# Summer School?



## Steve in PA (Nov 25, 2011)

When my son transferred from private school to government school and back all in the same year he fell out of sequence with his math classes and has not had geometry yet. He's going into his Junior (read SAT) year and needs geometry.

He is interested in taking it as summer school at the government school. I never took summer school, so I don't know if that's a good idea.

Math is not his strongest subject and I'm apprehensive about cramming an entire course into 2-1/2 weeks of 4 hour days. I think for the rest of the students it would be review since traditionally summer school is for those that failed but don't want to repeat the class in regular session.

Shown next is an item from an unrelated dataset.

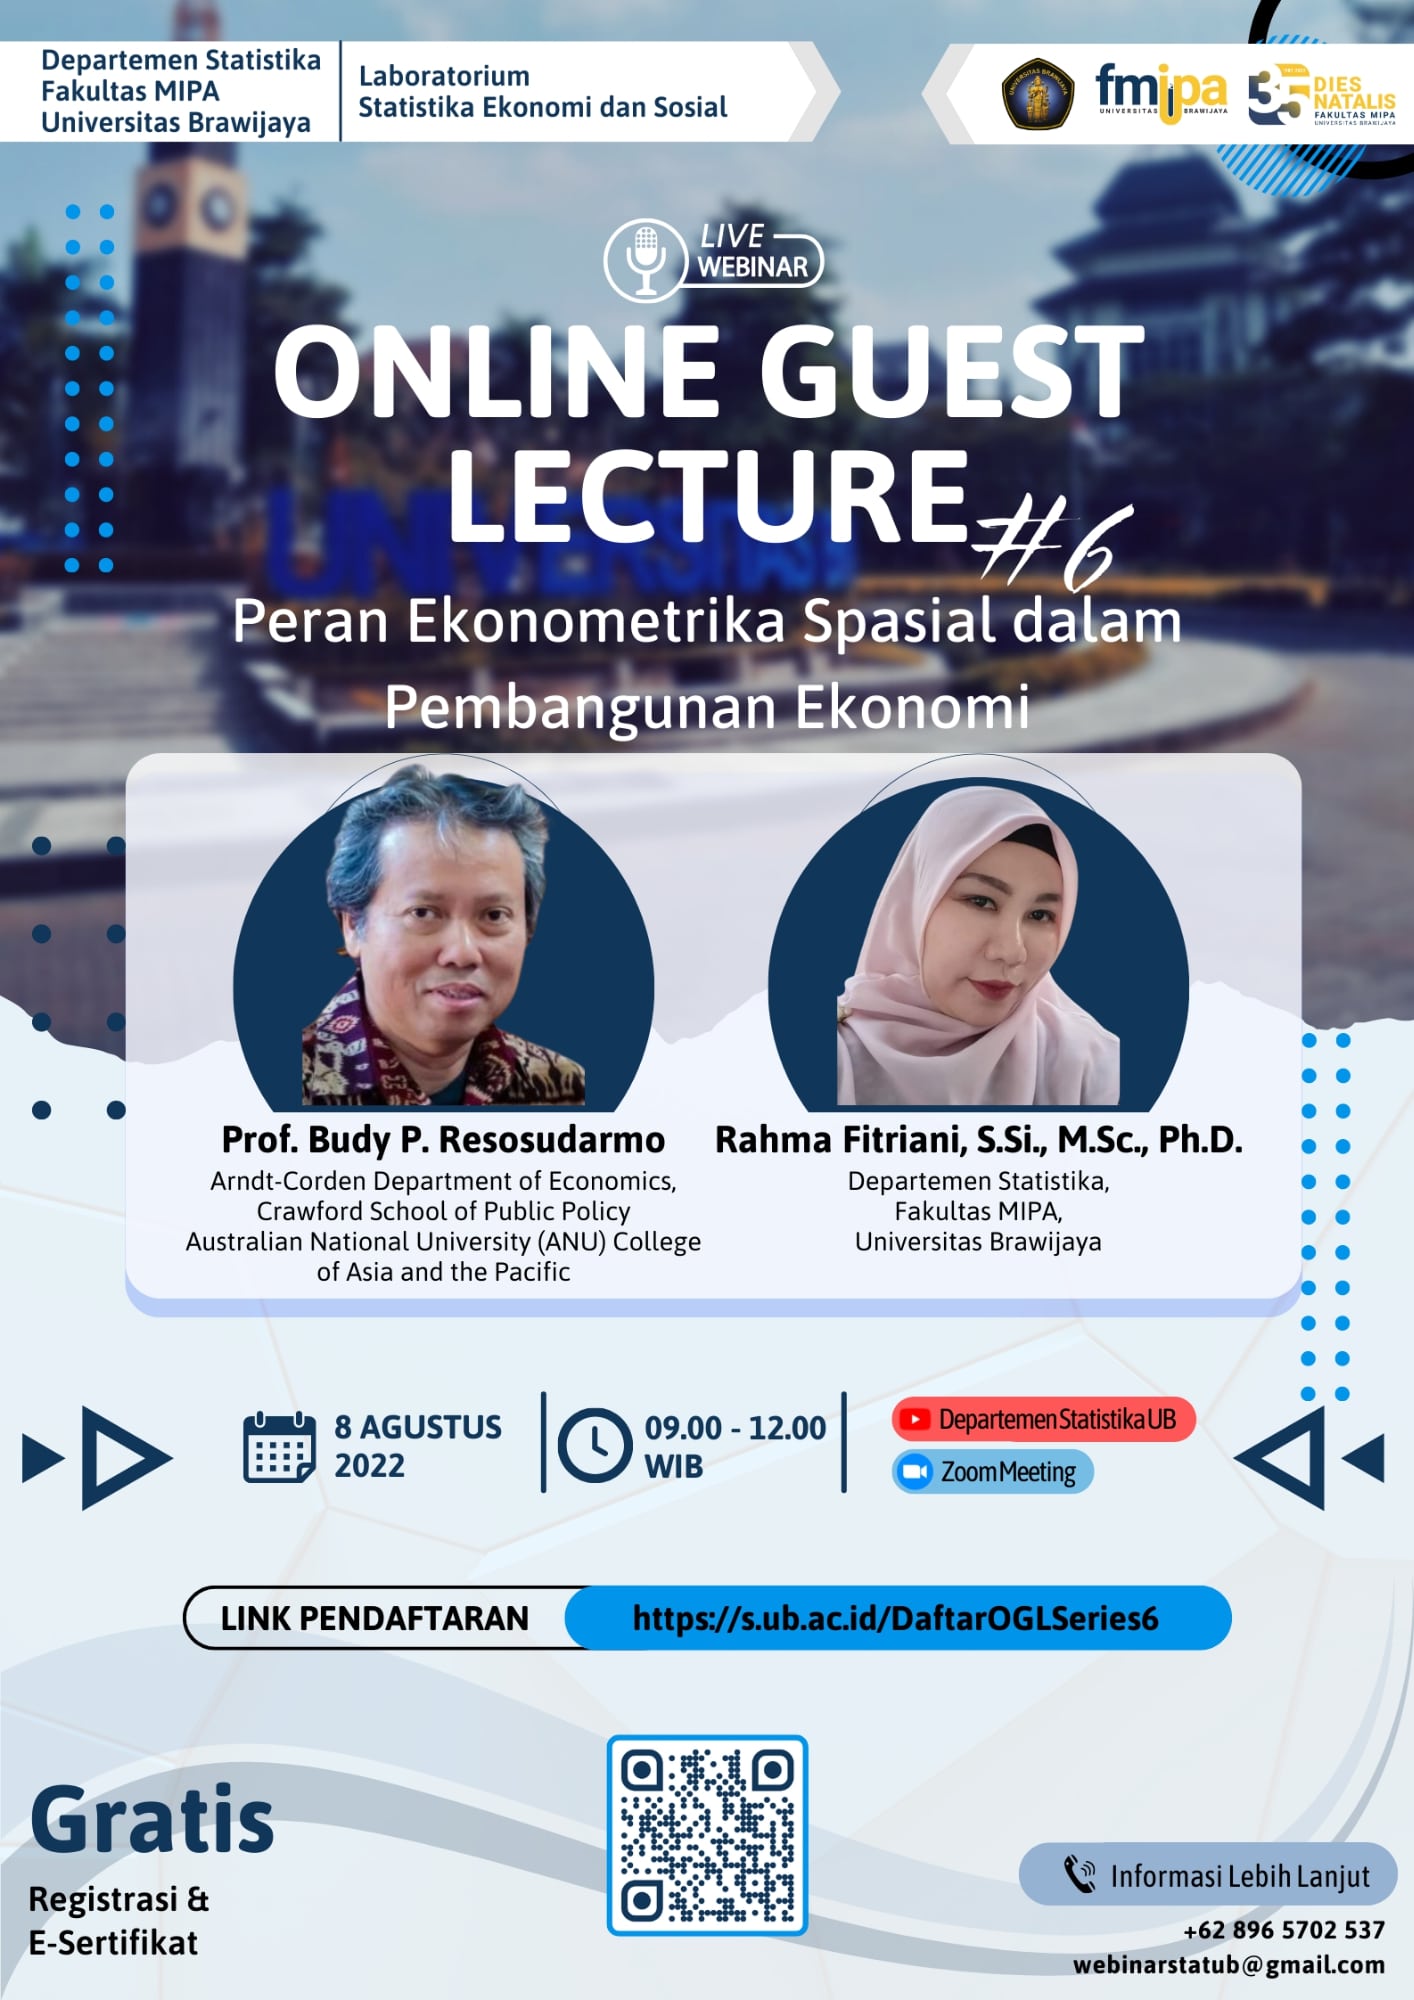 Online Guest Lecture (OGL) #6

Anyone have experience to share?


----------



## Ohio dreamer (Apr 6, 2006)

Geometry is not on the SAT. If that is his only reason for taking it over the summer, don't bother. 

The SAT is a logic test, NOT a content test. For a content test you need to take the ACT. Most college's will accept either, and there is even an equation the colleges use to convert SAT scores to ACT and vise-versa. So do what fits your child's style best.

Summer school isn't only for those that failed. A large percent of kids in class are also "working ahead". Some want to lighten the next years load, so they can work/ goof off/ focus on XYZ, etc.


----------



## hsmom2four (Oct 13, 2008)

Years ago my dd did geometry in the summer session to get ahead. There were zero kids in the class who were there because they had failed. It was little rough for her the first couple of days because it moved at such a fast pace and she didnt really click with the teacher's style. I got out the marker board at home and we went over it for the first couple of days. She was fine after that and made an A.


----------



## cindy-e (Feb 14, 2008)

I have 2 doing maths at home this summer because they choose to. They are not behind. 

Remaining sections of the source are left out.